Detection of hazardous aerosols is in many respects the main task of the “needle in the haystack”. The air people breathe is much more complex than it seems.

“At any given time, methane, carbon dioxide and other samples of what we call volatile organic compounds are present in the atmosphere,” Ricker said. “A lot of confusion.”

The team believes frequency-comb lasers could help overcome this confusion.

Diddams was one of the team members at JILA, a joint research institute between CU Boulder and the National Institute of Standards and Technology (JILA), that pioneered these tools. The group, led by Nobel laureate Ian Hall, used frequency comb lasers for research in quantum metrology and optical clocks. Unlike traditional lasers, frequency comb lasers emit a beam of light with millions of colors simultaneously.

If you shift this light across the environment, these lasers can act like an aerosol fingerprint scanner, detecting signals from even very small concentrations of particles or gases in the air. The project team includes LongPath Technologies, which uses these tools to find methane leaks at oil and gas facilities. Ricker co-founded LongPath in 2017.

For three and a half years, SAURON researchers will work to make their laser more precise and compact. To do this, the group is applying a new “integrated photonics” technology pioneered by Kerry Wahala of the Caltech Institute, John Bowers of the University of California, Santa Barbara, and the companies Nexus Photonics and hQphotonics. The team will develop their devices on small microcircuits that transmit information with light beams, not electronic signals. The work is part of the Quantum Engineering Initiative at CU Boulder.

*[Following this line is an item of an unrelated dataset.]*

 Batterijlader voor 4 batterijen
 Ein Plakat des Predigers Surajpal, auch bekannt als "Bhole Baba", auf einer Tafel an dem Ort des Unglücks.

“They are similar to traditional silicon computer chips, but light is generated, transported and interacted in ways that are useful for perception,” Diddams said.

SAURON is an example of how researchers at CU Boulder are turning advances in basic science into tangible technologies that could one day protect people.

“We are taking technologies developed for quantum science and translating them into a wide range of applications,” Ricker said.